The new czar at Telefilm Canada wants to cut red tape within the organization and implement new guidelines to gauge the success of homegrown movies beyond the box office.
Carolle Brabant on Tuesday made her first official appearance in English Canada since her appointment as the new executive director of the federal film funding agency in March, replacing Wayne Clarkson.
Digital convergence and its impact on the industry was top of mind for Brabant, as she spoke in Toronto of the agency’s responsibility to help the audiovisual sector deal with a current ‘groundswell of change.’
‘Digital media is beginning to shape entertainment and culture in ways we don’t fully understand yet,’ observed the chartered accountant in her speech to industry leaders and filmmakers, adding that Telefilm is in discussions with Heritage and Industry Canada to develop a national digital strategy.

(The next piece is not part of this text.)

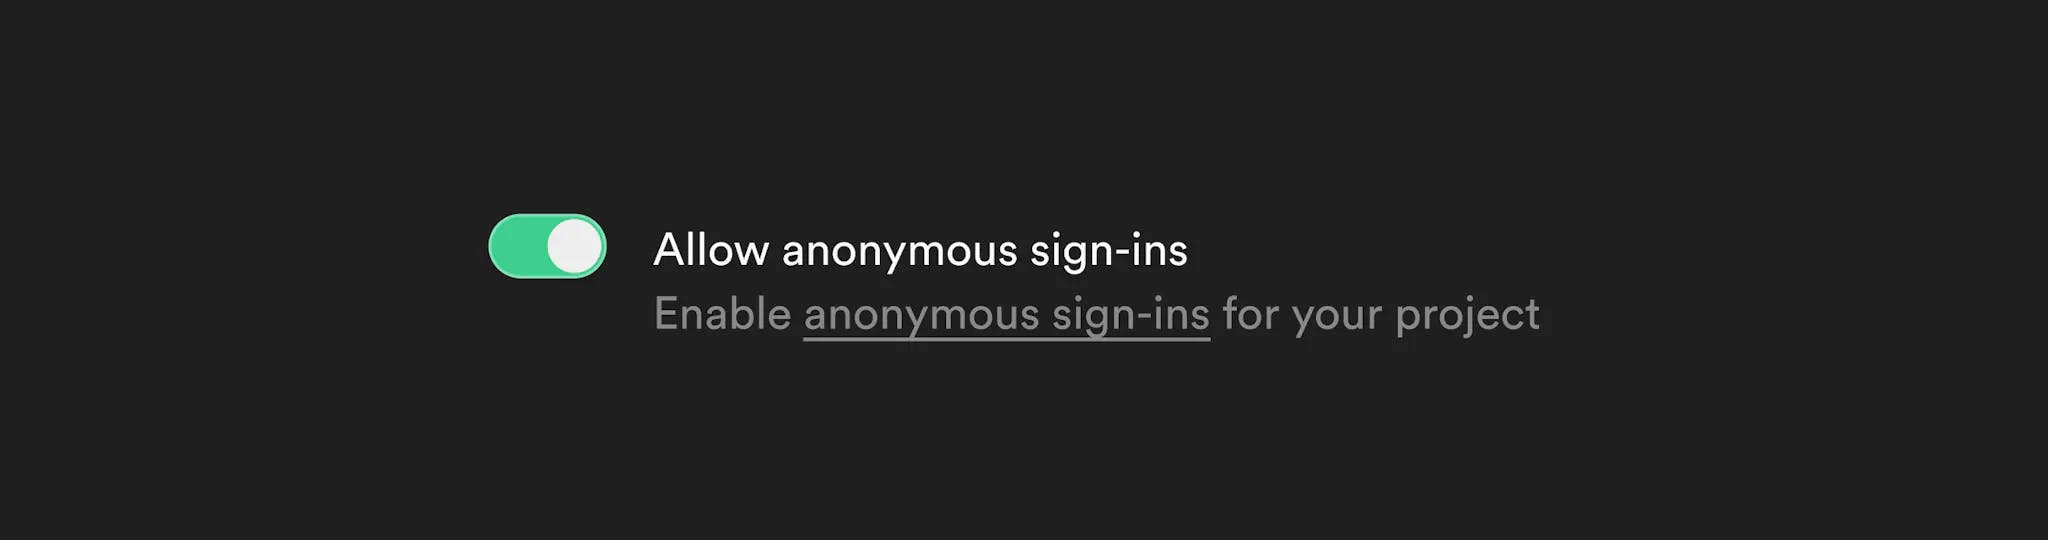 allow-anon-sign-ins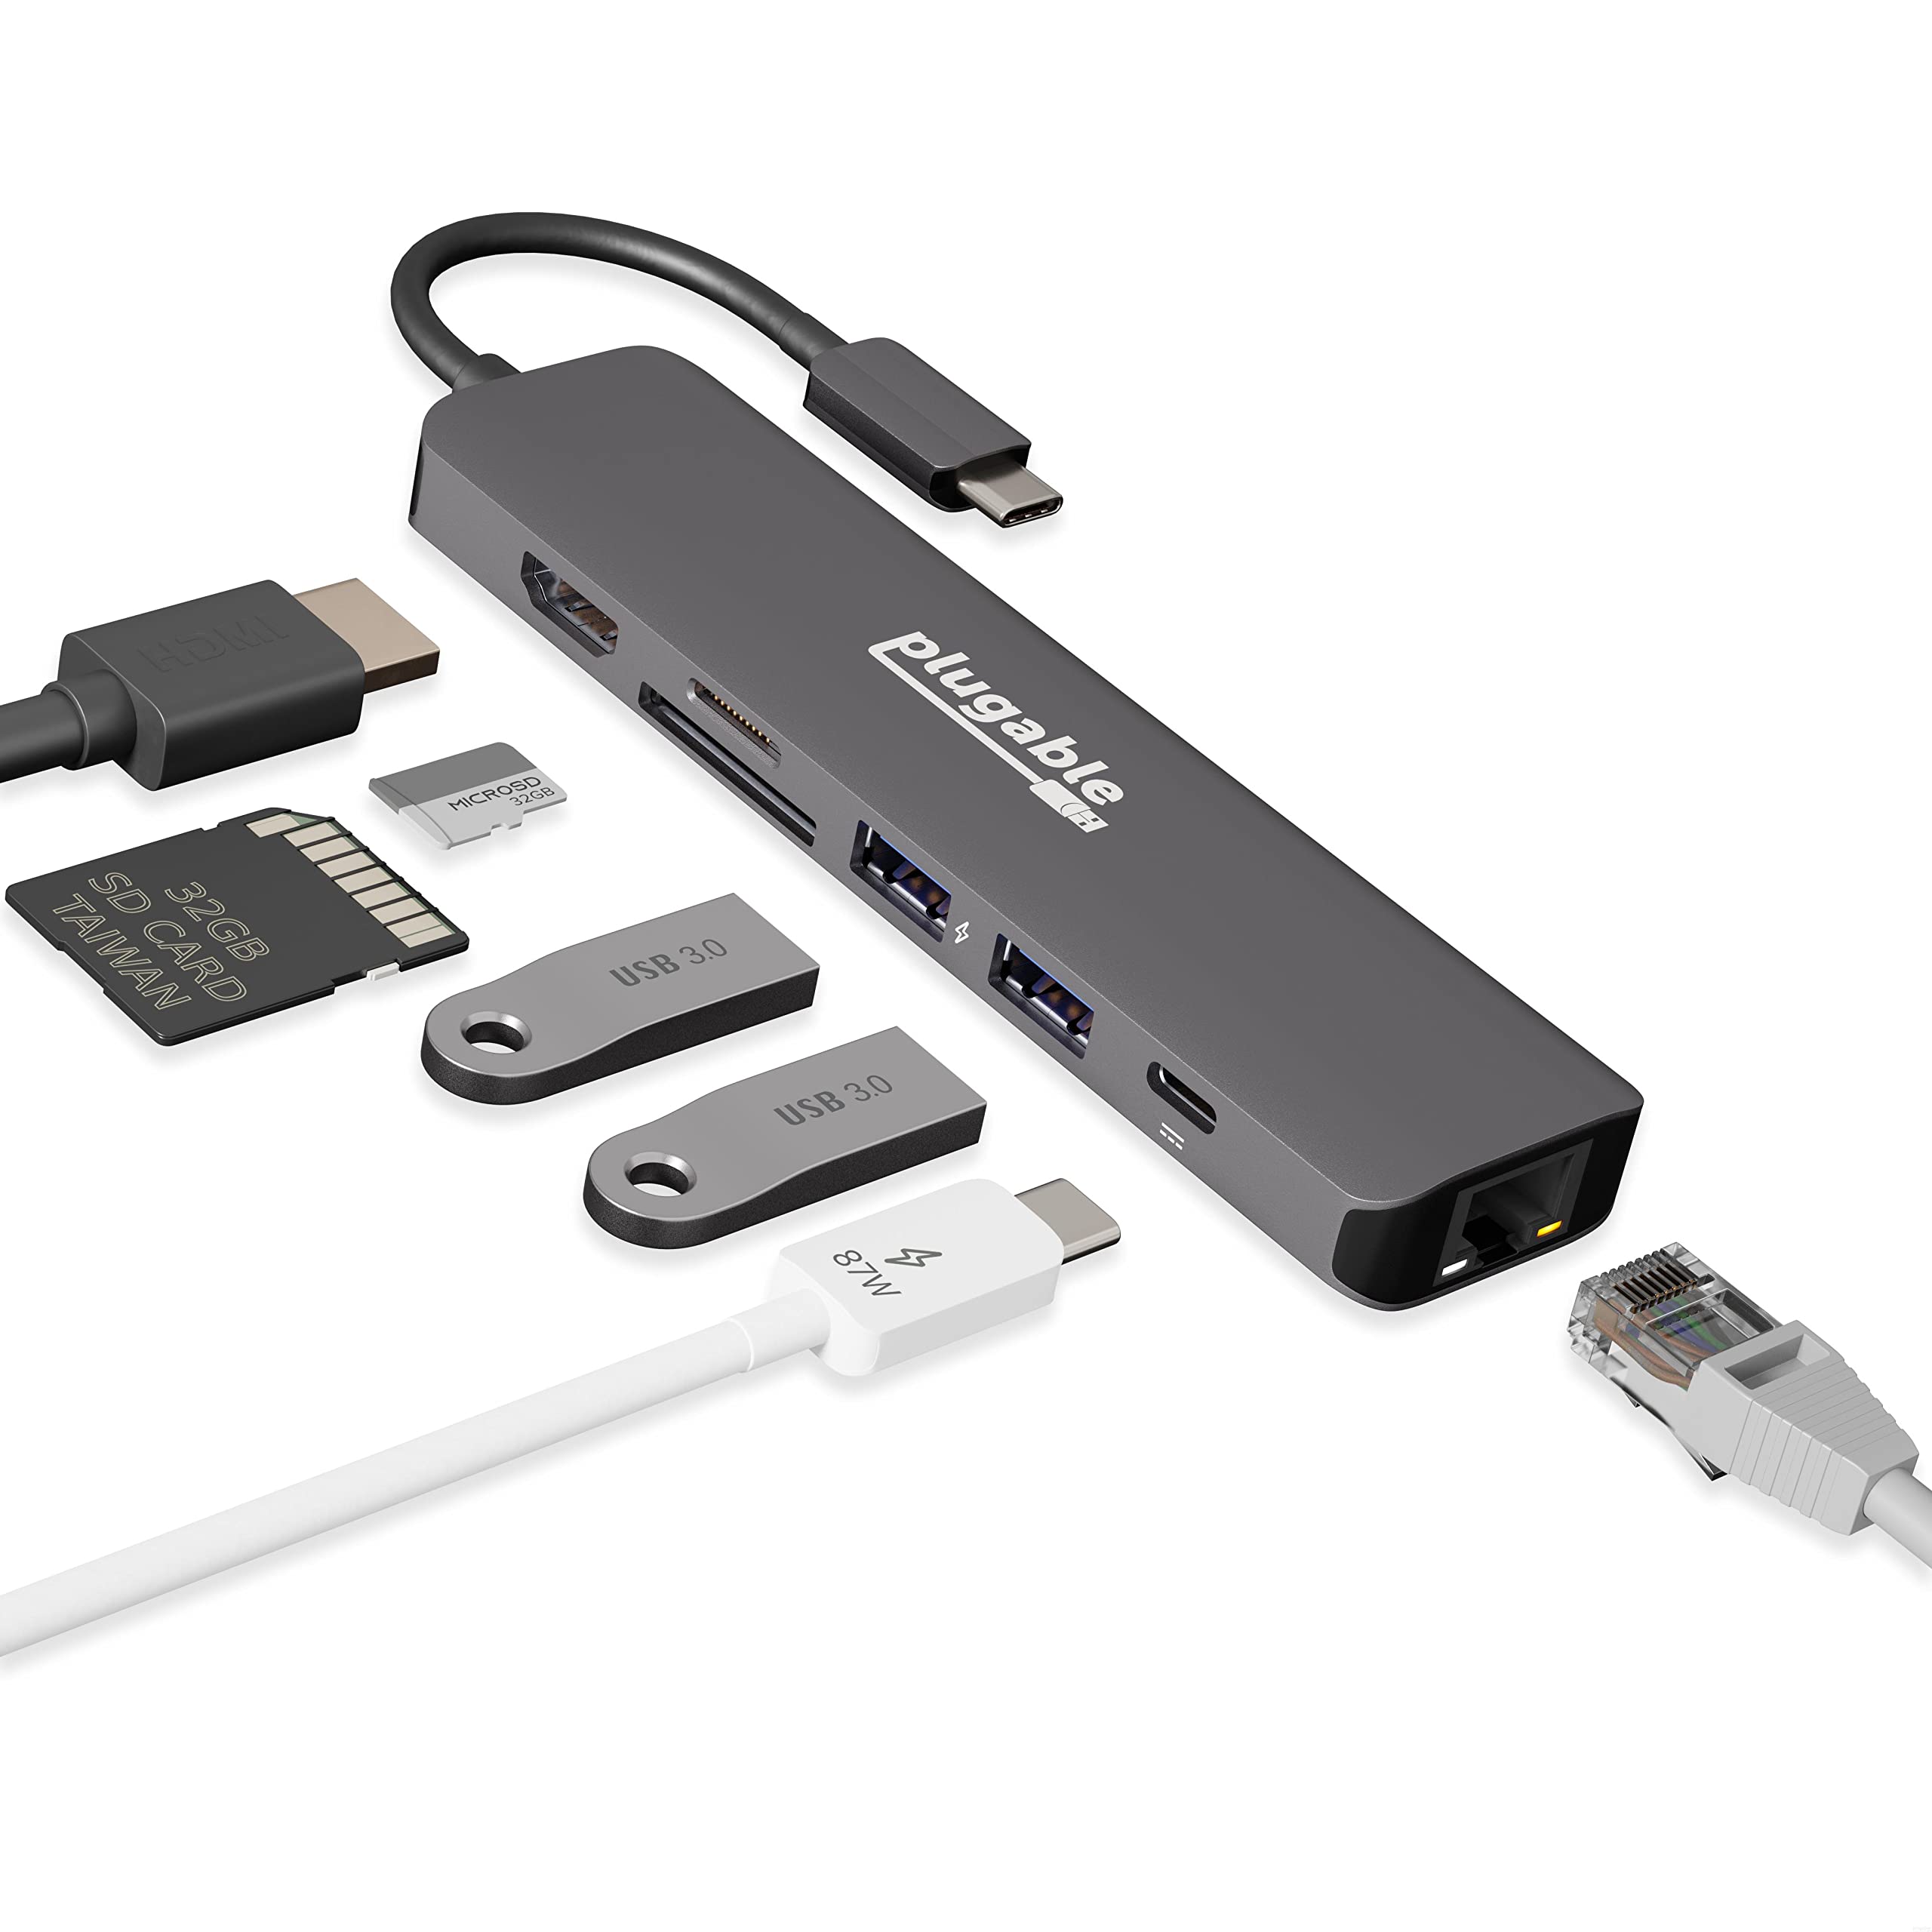 Amazon.com: Plugable 7-in-1 USB C Hub Multiport Adapter with Ethernet (87W Charging) $33.95

New technology is also changing the way stories are delivered, and success of a homegrown film cannot be determined by its box office receipts alone, she remarked to reporters afterwards. (Telefilm’s corporate mandate has been to increase the box office for Canadian movies to 5%, a goal that it has been unable to attain).
‘[We] have to find other ways of measuring success. People are looking at cultural products on many different [screens],’ she said, admitting that the organization is in a transition period. ‘We are in a difficult period because we don’t know what the new business model will be,’ Brabant added, noting that Telefilm is not only looking for hits, but for a diversity of films. (The organization has a budget of $100 million for feature films this year).
‘Box office is not the only measure of success,’ agreed filmmaker Clement Virgo, who was in the audience. ‘A lot of films don’t make money at the box office but they make money on television, DVD, VOD. [The current] model is an old model,’ he told Playback Daily. Virgo is currently working on a feature adaptation of Lawrence Hill’s bestselling The Book of Negroes, which he hopes to shoot in Toronto, Halifax and West Africa next year.
Brabant continued to paint in broad strokes her vision for Telefilm but was short on specifics. She spoke of a desire to cut back on the amount of red tape within the organization and reduce the number of guidelines.
‘[Currently] we have one guideline for each and every program…we’re looking at reducing that so there won’t be 32 guidelines every year that have to be updated, published and promoted,’ she said.
When asked for an opinion on Alberta culture minister Lindsay Blackett’s controversial comments last week, in which he suggested that Canadian-made TV shows were ‘crap’ in a panel at the Banff World Television Festival, Brabant said she ‘totally disagrees.’
‘When I say that I’m a true fan of what we’re producing, I am. I would not be heading Telefilm if I didn’t think that the taxpayer dollars were not well invested,’ she said.